The government, however, fails to acknowledge the unspoken jurisdictional scope of the regulation. The defense asserts and the Court agrees that "[a]ny Federal, State or local law enforcement officer" should be read as granting all law enforcement officers with jurisdiction the authority to conduct an inspection.
As an example, federal law permits the United States Department of Veterans Affairs Police to enforce federal, state, and local laws only "with respect to acts occurring on Department property." 38 U.S.C. § 902 (emphasis added). Other examples include the United States Postal Inspection Service (USPIS), whose investigative powers are limited to Postal Service property, see 18 U.S.C. § 3016, and park rangers who are empowered to maintain law and order and protect persons and property within the areas of the National Park System, see 54 U.S.C. § 102701(a)(1) and (2)(B). Because of these statutory restrictions, a VA or USPIS officer or Park Ranger would have no authority to perform a PCI at Copiah County Airport—despite the plain language of § 61.3(l).
Similarly, local police departments are also restricted to the territory they serve. A Yazoo County deputy, for example, does not have the authority to perform a PCI at the Copiah County Airport because the airport falls outside of his territorial jurisdiction.
Defendants argue that CBP officers also have geographic restrictions. First, the defense relies on an out-of-circuit decision, United States v. Garcia. 672 F.2d 1349 (11th Cir. 1982). In Garcia, the 11th Circuit established a three-part test to determine whether BP agents may search a plane without a warrant or probable cause at the international or extended border. Id. at 1367. This case misses the mark, however. As the government points out, the holding in Garcia is "limited to whether a warrantless border search was permissible, not jurisdiction." Docket No. 66 at 6.
Second, the defense asserts that the PCI was outside of CBP's jurisdiction because it "occurred outside of the 100 mile border extension area." Again, this argument is misplaced. CBP has authority to stop and conduct searches of vehicles anywhere "within a reasonable distance from any external boundary of the United States." 8 U.S.C. § 1357(a)(3). The Attorney General's regulation defines "reasonable distance" as "within 100 air miles from any external boundary of the United States." 8 C.F.R. § 287.1. The "100 air miles" rule, however, defines where a warrantless border search is permissible. The rule does not address the territorial jurisdiction of CBP to conduct a regulatory inspection.
In its reply, the defense cites 8 C.F.R. § 271, "Diligent and Reasonable Efforts to Prevent the Unauthorized Entry of Aliens by the Owners of Railroad Lines, International Bridges or Toll Roads." As this regulation is inapplicable to this case, the Court believes the defense instead meant to cite 8 C.F.R. § 287.1.

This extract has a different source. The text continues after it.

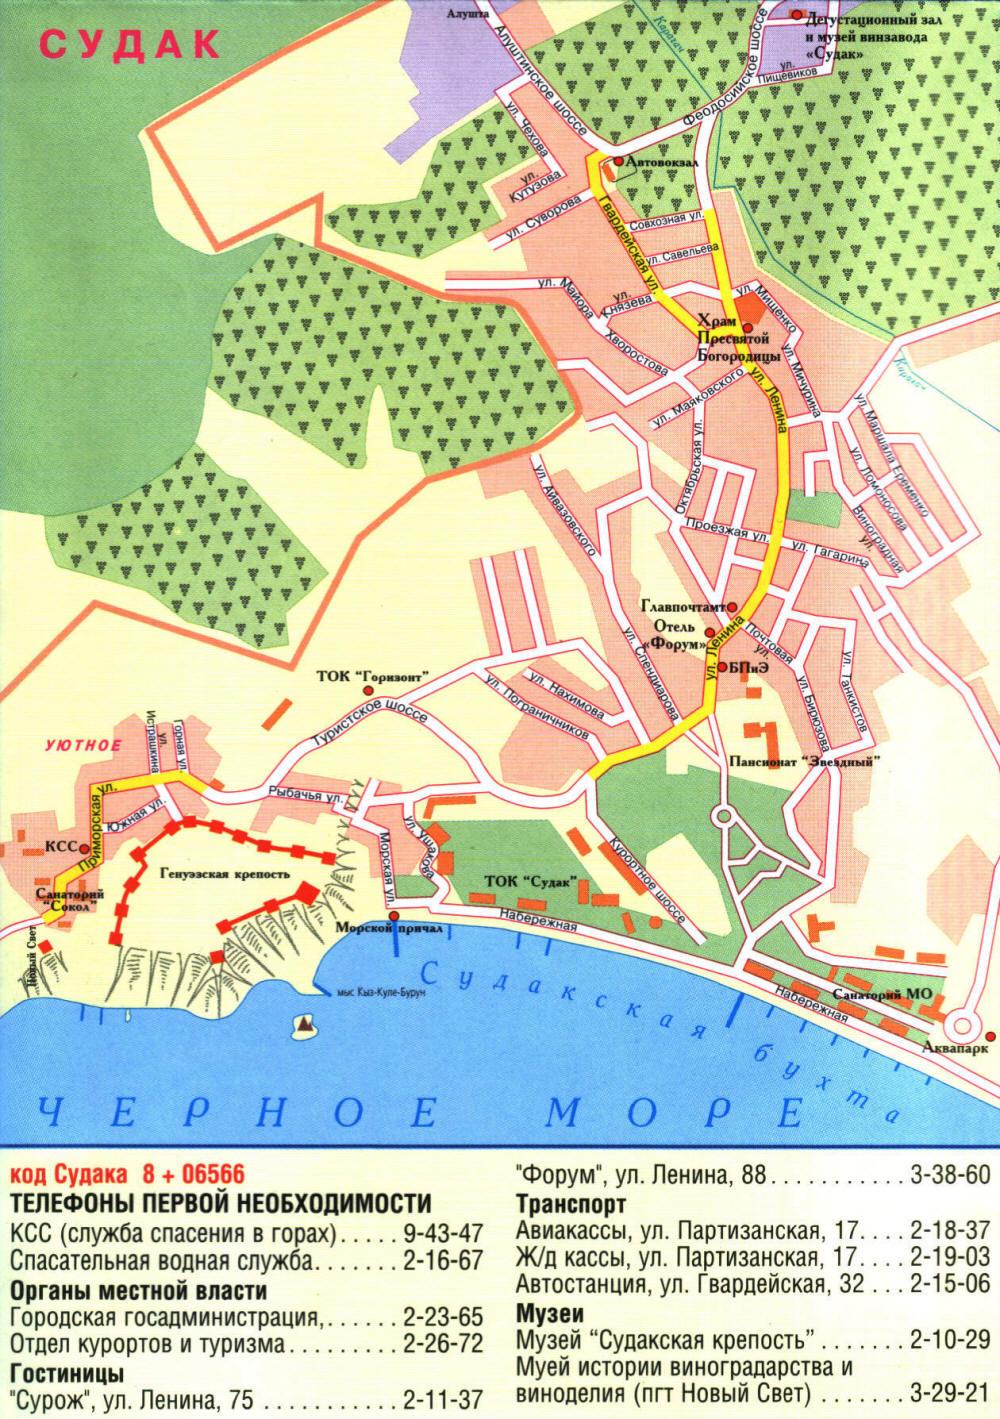 Карта города Судак

While the Court agrees with the defense's reading of § 61.3(l)(3), neither the defense's arguments nor the Court's research has revealed any geographic restrictions on CBP's powers to conduct a PCI. As such, Agents Smith and Sibley had the authority to conduct the inspection of Horrisberger's documents.

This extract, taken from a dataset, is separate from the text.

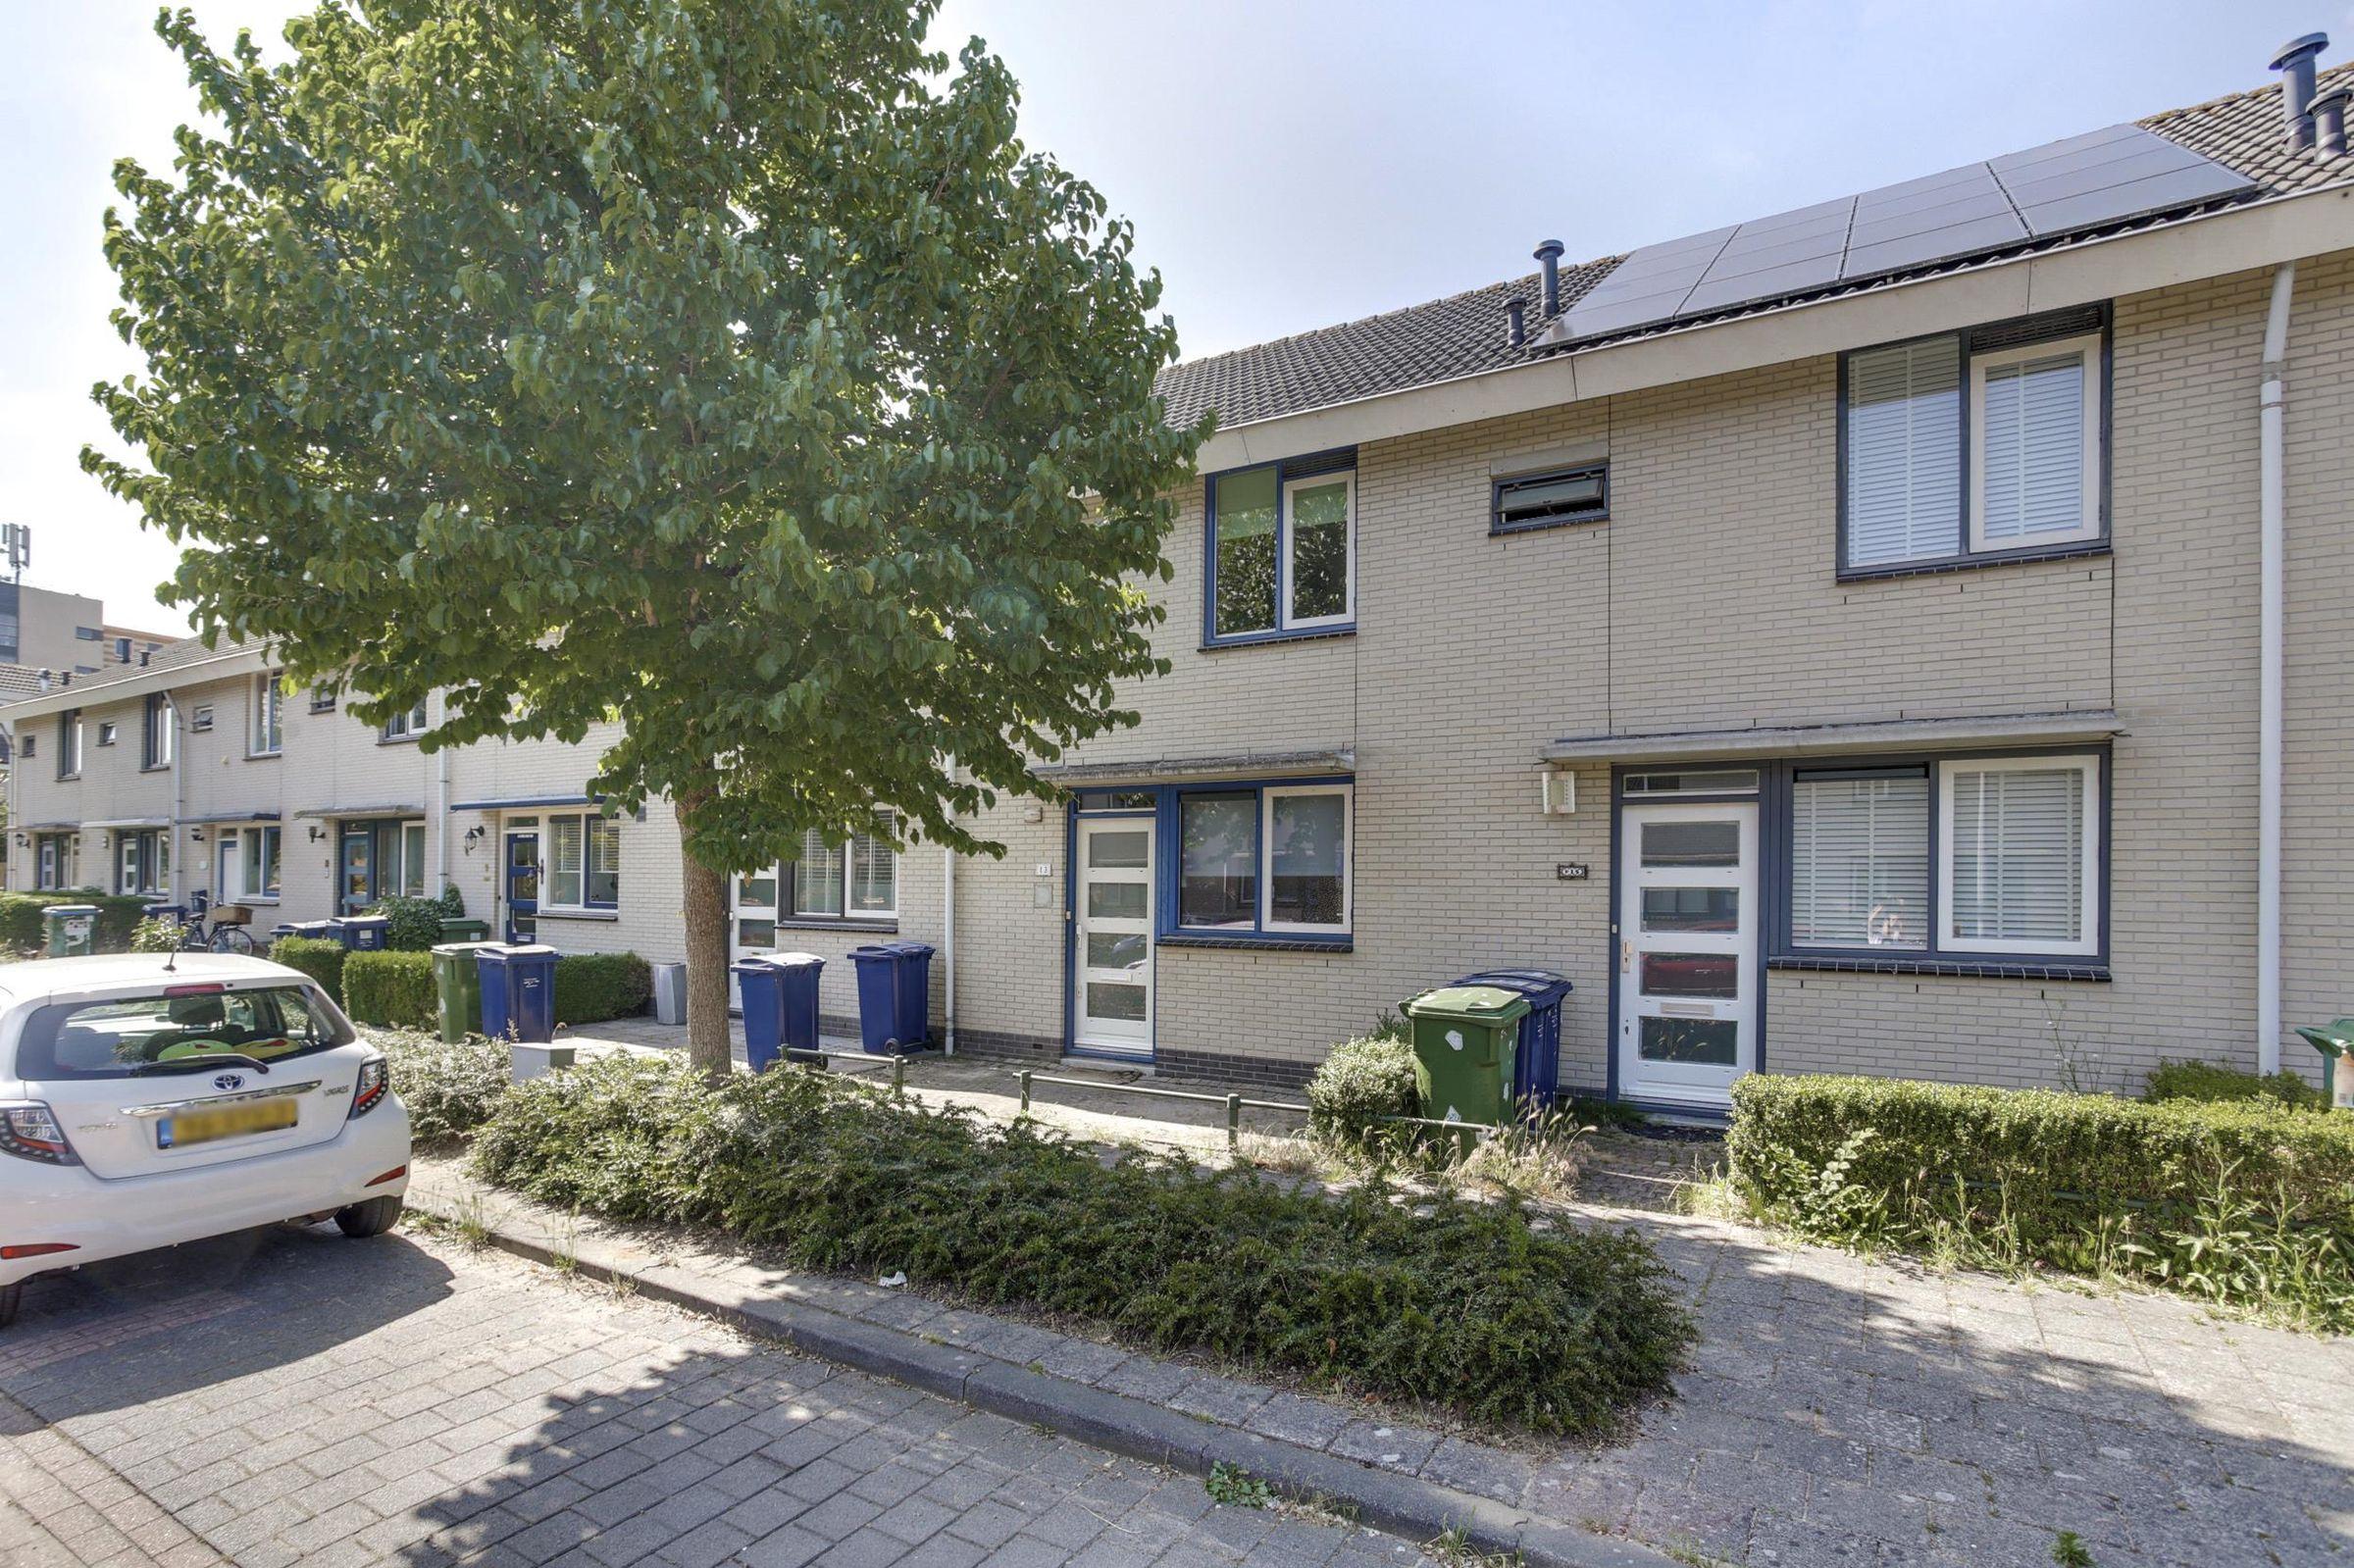 John Fordstraat 13, Almere

The Court has reservations about the expansive reach this conclusion allows. While it has not found an express limitation of CBP's jurisdiction, it should not be taken for granted that U.S. Customs and Border Protection, as the agency's name suggests, was established to enforce laws along the border or its functional equivalent. Similarly, AMOC's mission is "to detect, interdict and prevent acts of terrorism and the unlawful movement of people, illegal drugs, and other contraband toward or across the borders of the United States." And, of course, principles of federalism suggest that federal law enforcement is limited to enumerated powers and issues, and lacks the general police powers reserved for the state. To the extent the Court has erred, therefore, the defendants have preserved their arguments for further review.
See Meeting Our Mission, U.S. Customs & Border Protection, https://www.cbp.gov/careers/meeting-our-mission (last visited January 18, 2017). --------
IV. Conclusion
The motion for reconsideration is denied.
SO ORDERED, this the 23rd day of January, 2018.